When the incoming rate of jobs is higher than the fixed rate delivery, your Redis goes into the danger of filling up. After all, there must be other open-source databases that somehow provide a message queue without in-memory constraints like those Redis has. Let's review them.

Kafka: data is persisted to disk, though running a Kafka cluster and consuming from it is a lot trickier compared to Redis, due to its distributed nature and more complex protocol.

RabbitMQ: under memory pressure, the persistence layer tries to write as much out to disk as possible, and remove as much as possible from memory.

The next two databases you likely haven't heard about.

Beanstalkd: (unsupported) all data is always kept in memory. Similar to Redis, can persist a binlog to disk for recovering the state after a restart.

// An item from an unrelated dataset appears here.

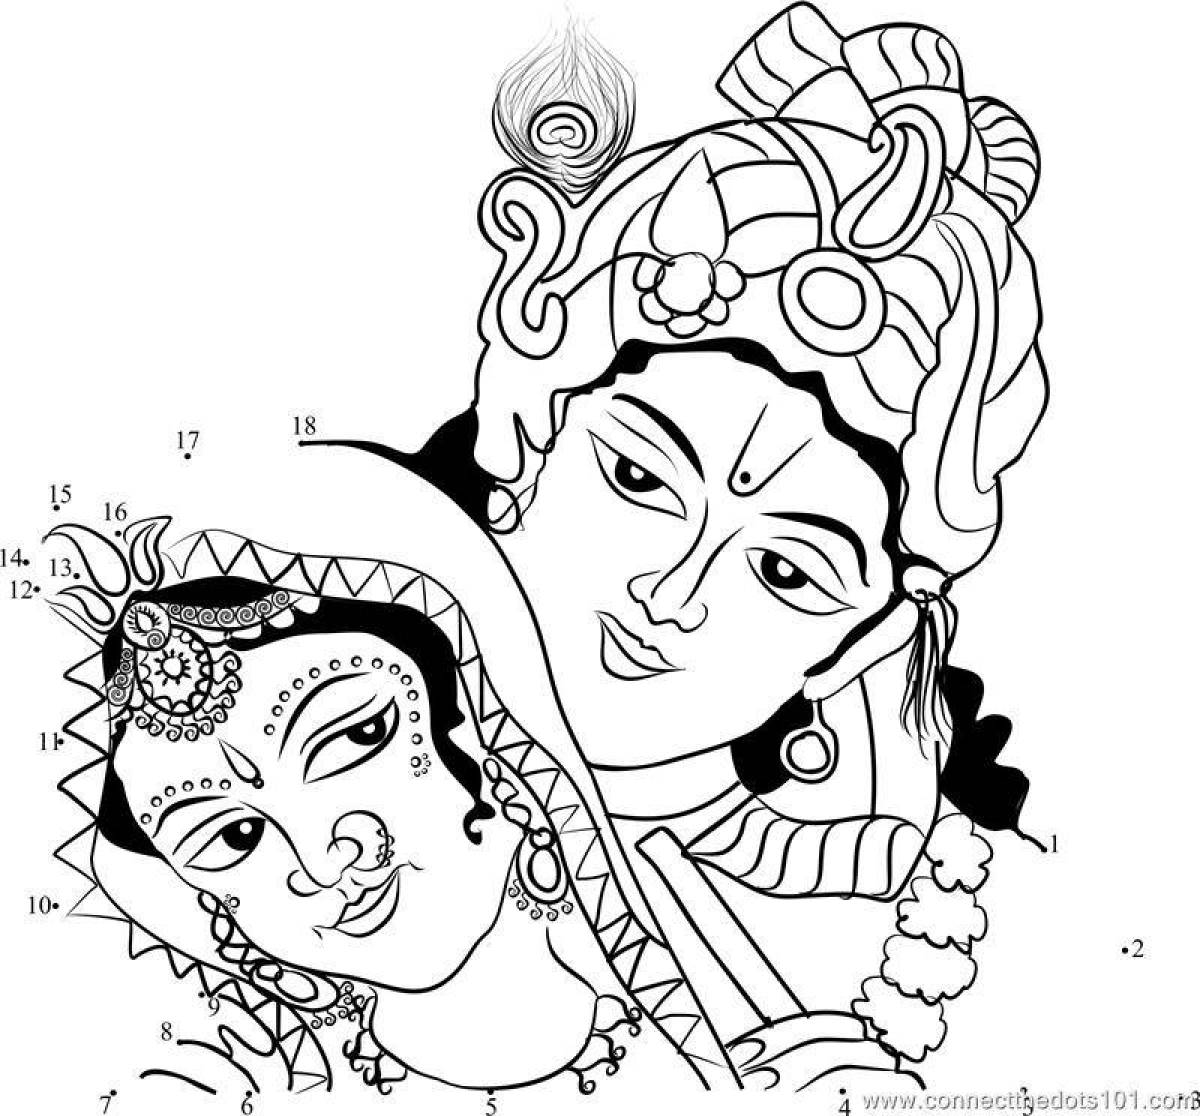 Кришна и Радха мультик

Kestrel: (unsupported) a message queue database fully backed by disk. It's actually used by GitHub to deliver webhooks on a massive scale, and I guess it's what allowed them to put webhooks on hold during the October outage, and deliver them later.

MySQL or PostgreSQL. It's not uncommon to implement job queue with a relational SQL database, which persists data on disk and allows to store large backlogs with no constraints on RAM.

Faktory. It's not a database per se, but rather a jobs service behind the application, developed by the author of Sidekiq. In the early days, it used RocksDB, an embedded database from Facebook, which is backed by the disk - so the number of jobs pushed to Faktory was not limited by RAM, which was great. In the current version, Faktory has switched to Redis as a store instead of RocksDB for good reasons, which means it's still bound by Redis limitations.

As you see, there's many stores that are able to persist data to disk and avoid in-memory constraints that Redis has.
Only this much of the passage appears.